**Problem statement**
Reproduce the listing below exactly. Pictures do not belong in the copy.

**Recorded information**
Segment Open

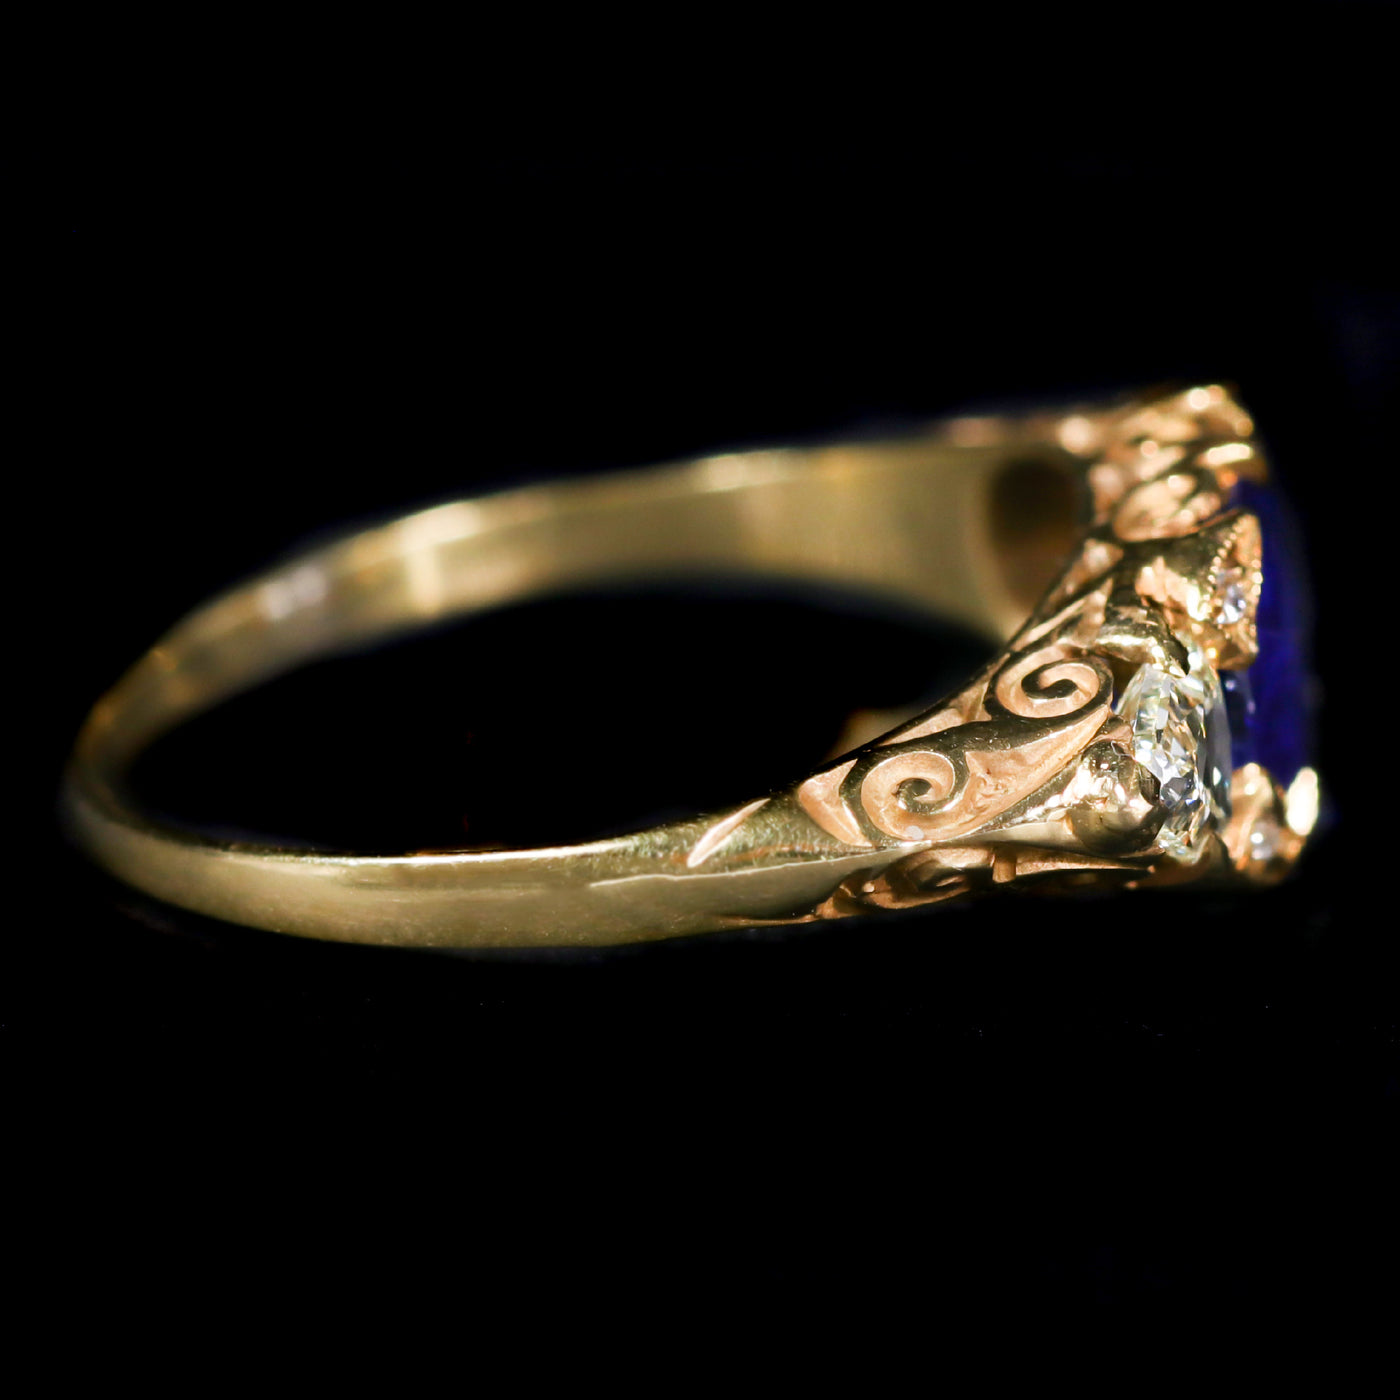 Victorian 18K Yellow Gold 2.21 Carat Sapphire and Diamond Ring
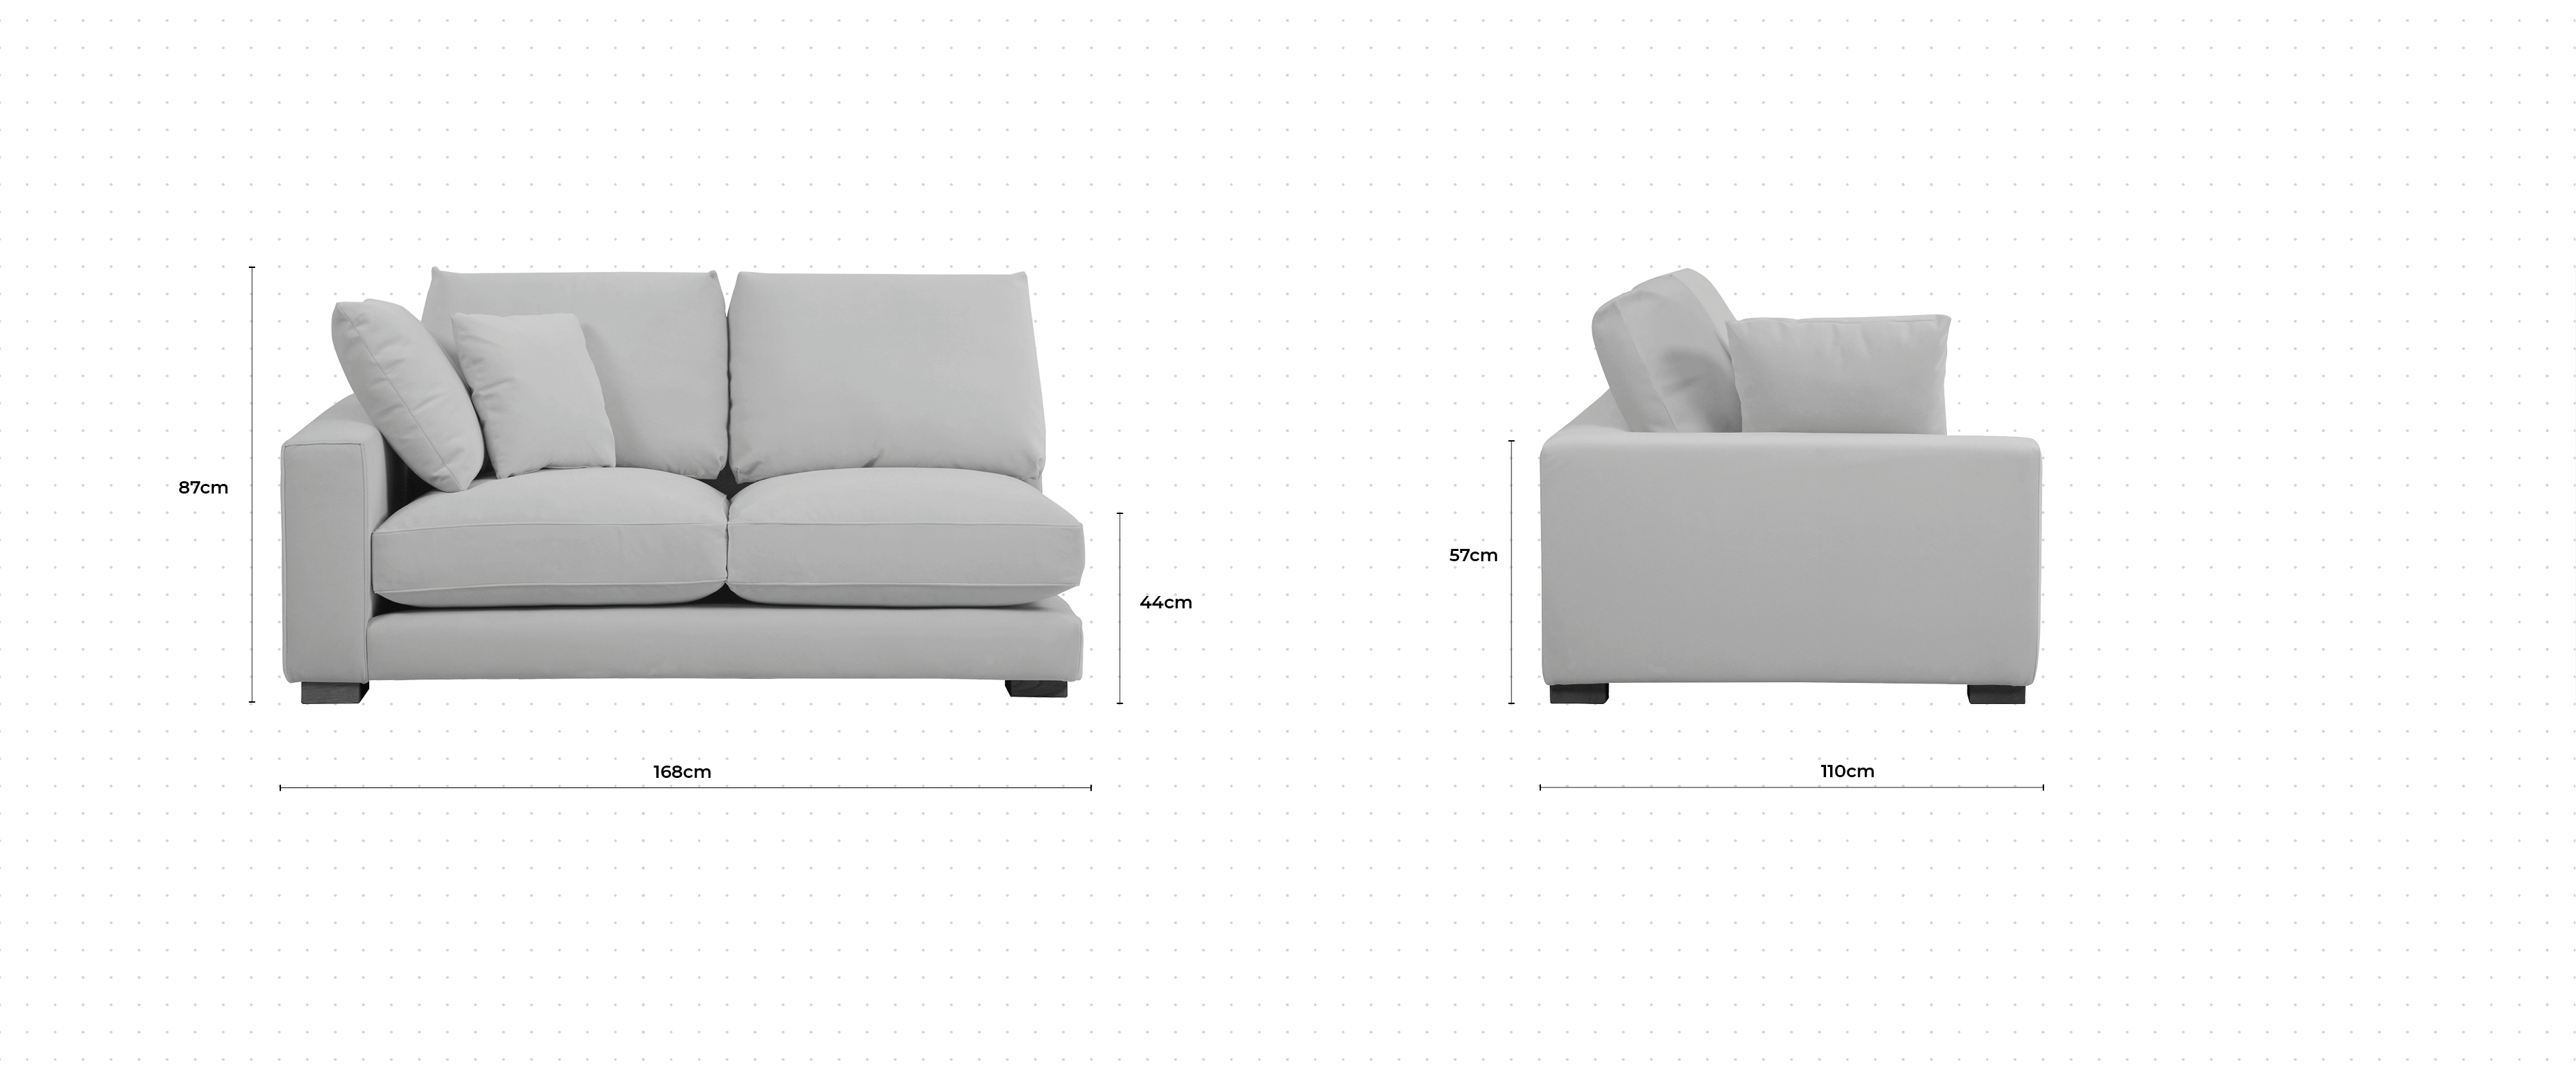 Dillon 2 Seater Sofa LHF dimensions
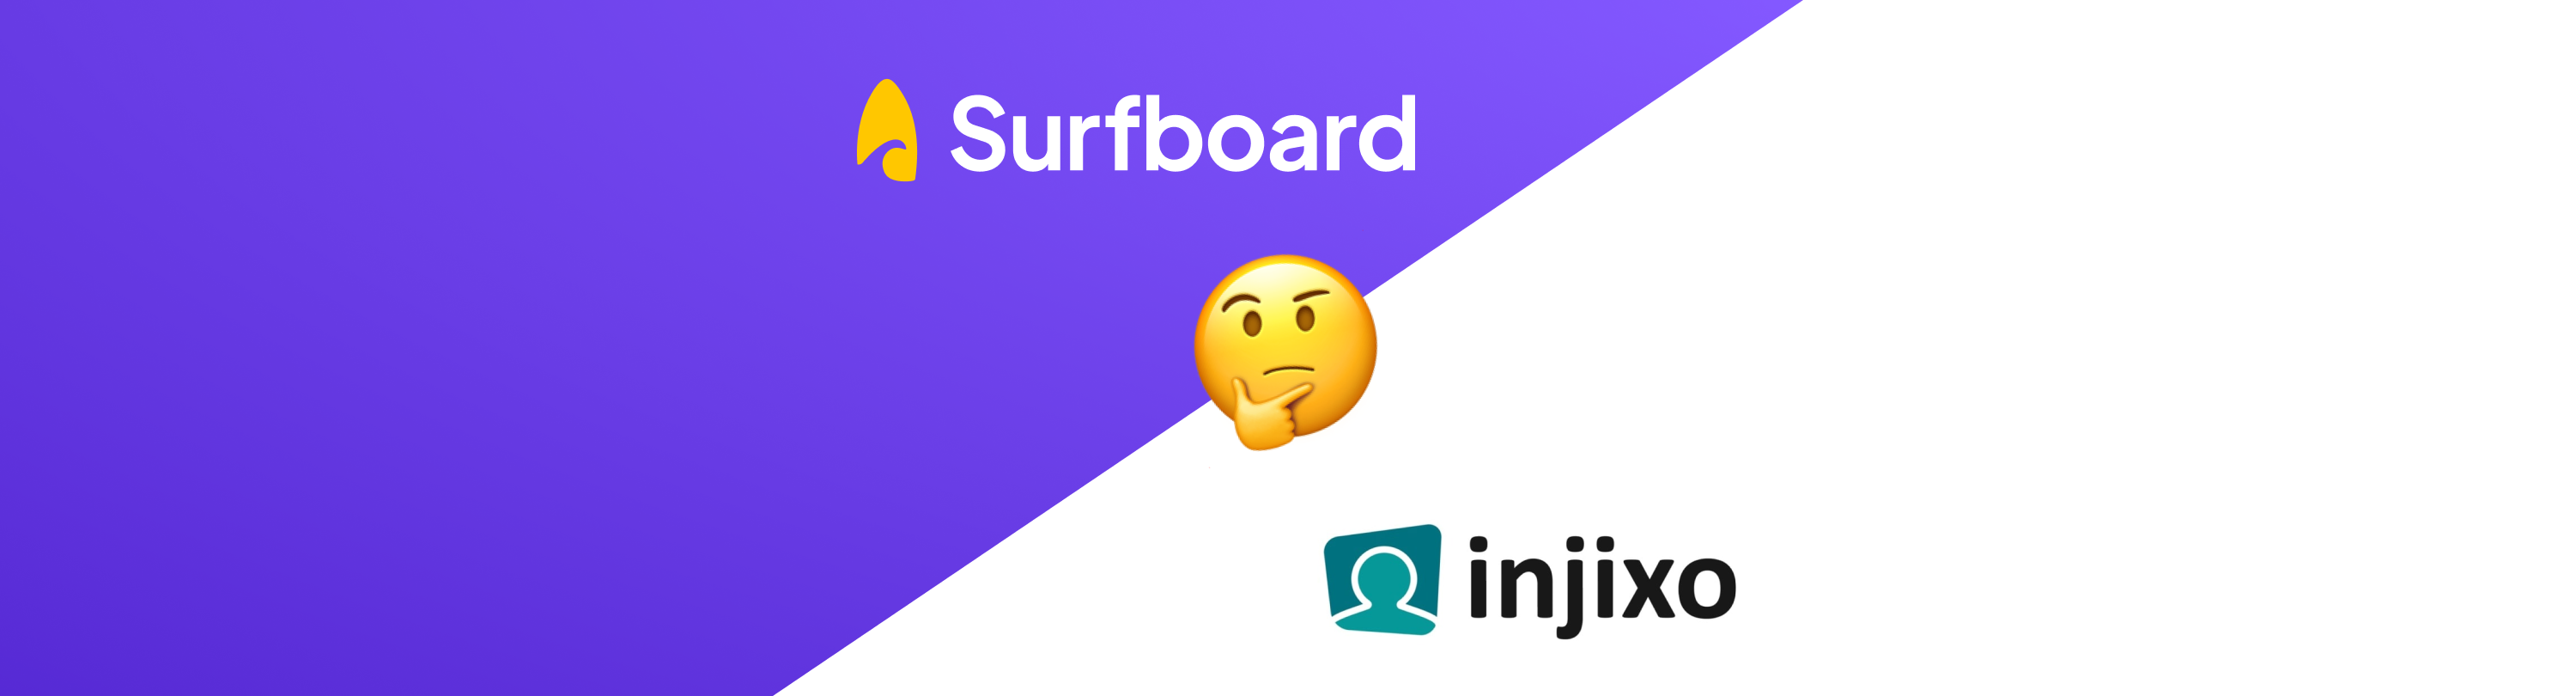 Surfboard and Injixo logos

Segment Closed

**Response**
 Victorian 18K Yellow Gold 2.21 Carat Sapphire and Diamond Ring
 Dillon 2 Seater Sofa LHF dimensions
 Surfboard and Injixo logos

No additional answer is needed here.